**Task objective:** Omit the pictures and return exactly the stretch of the material below from the line with "When is Football" through the line with "Online transport booking".

**Data extracts:**
━━━

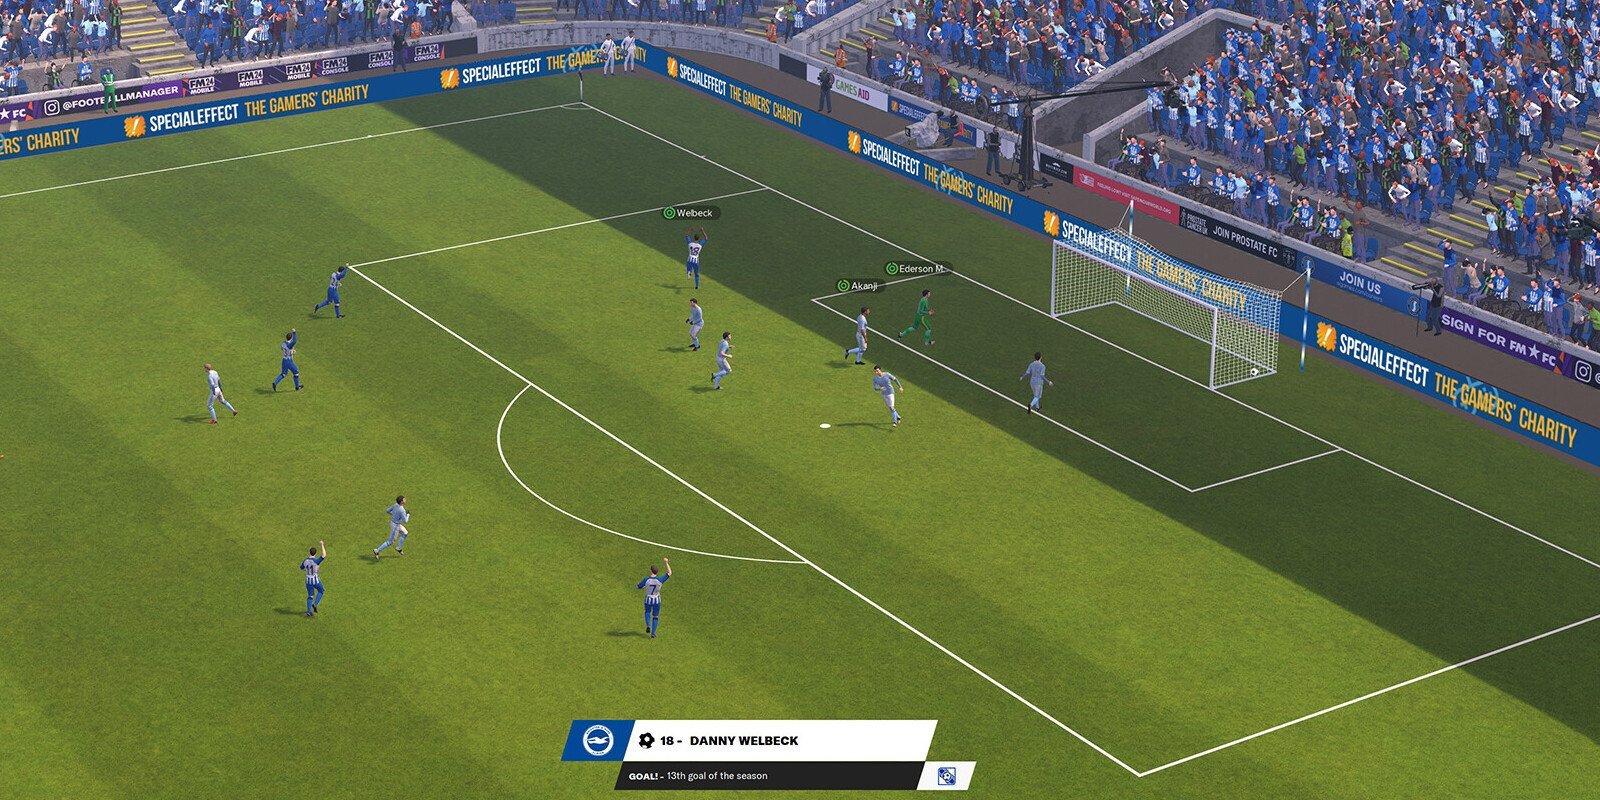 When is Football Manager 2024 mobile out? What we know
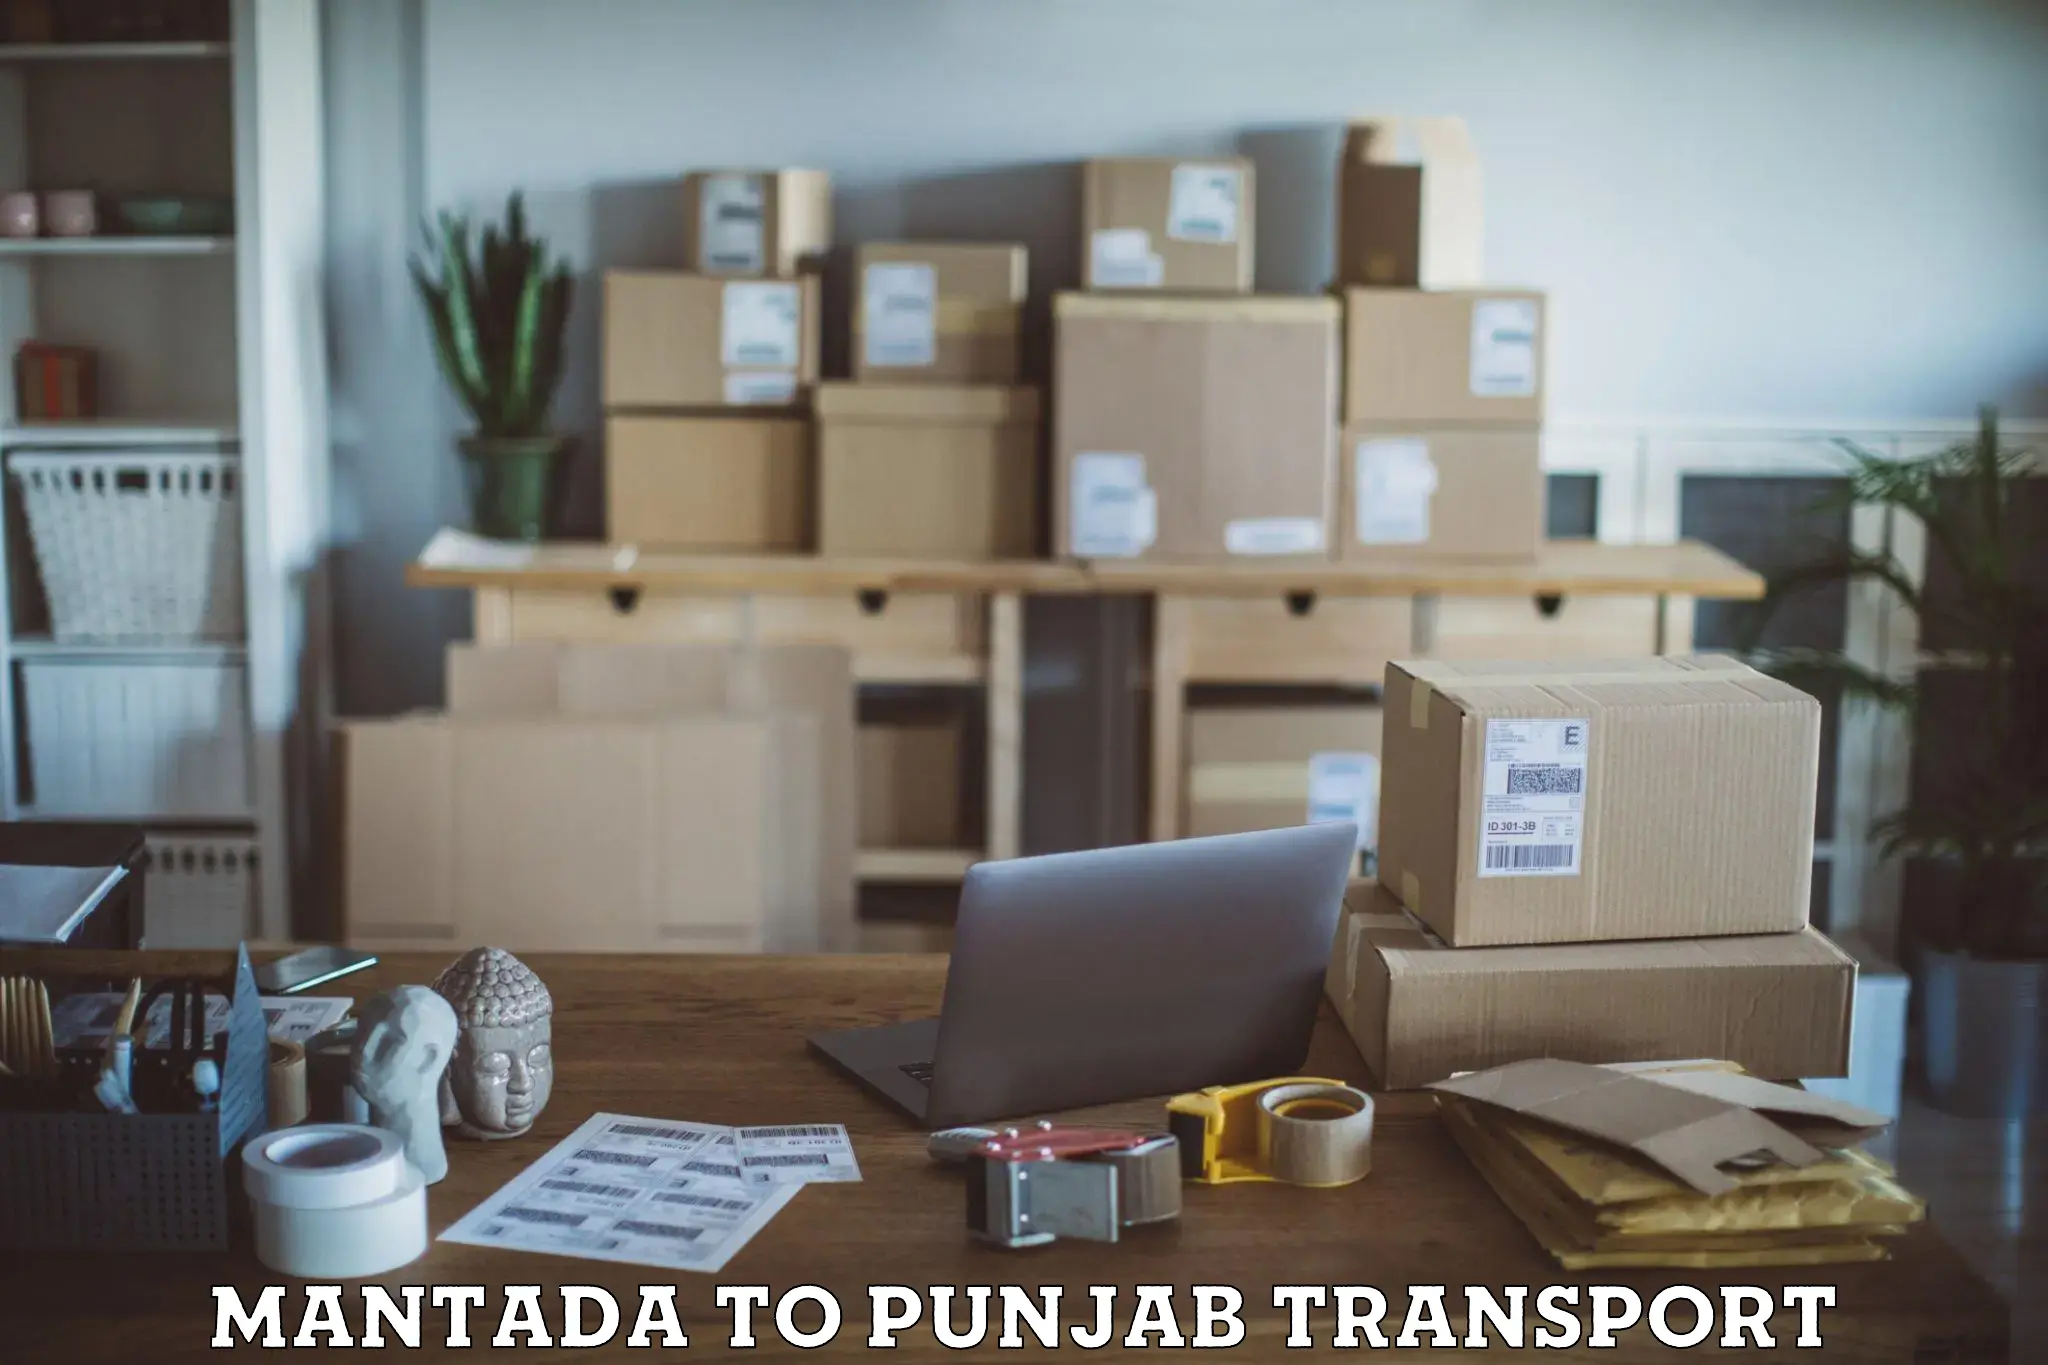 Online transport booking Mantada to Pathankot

━━━

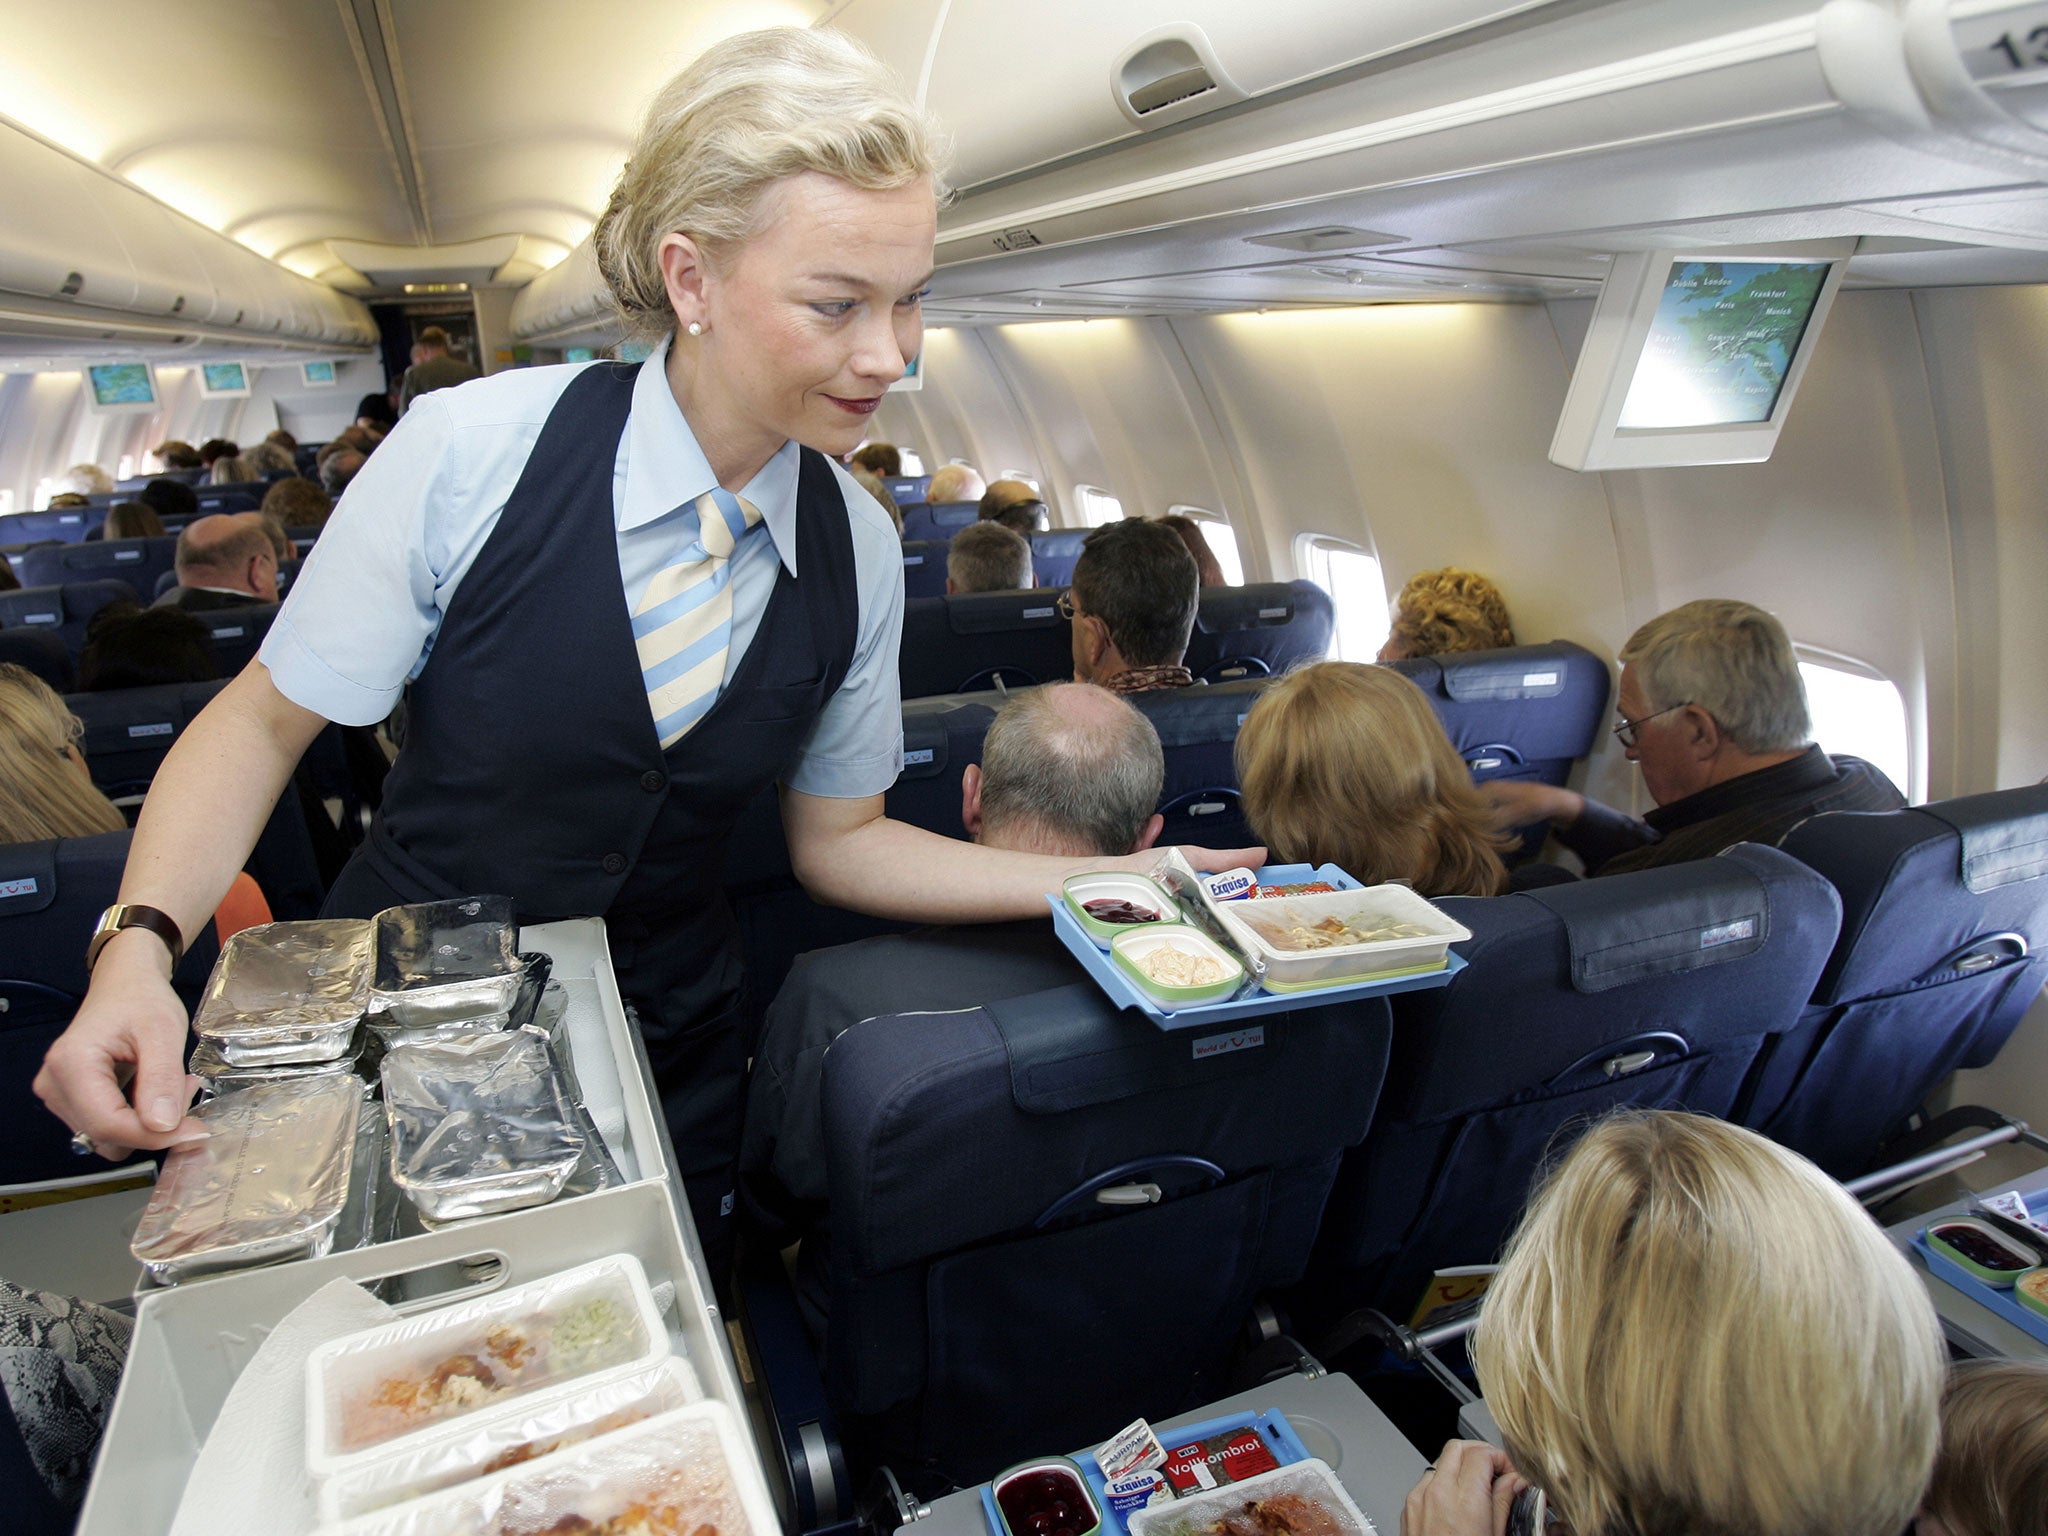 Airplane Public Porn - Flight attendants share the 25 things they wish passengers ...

━━━

**Solution to this problem:**
 When is Football Manager 2024 mobile out? What we know
 Online transport booking Mantada to Pathankot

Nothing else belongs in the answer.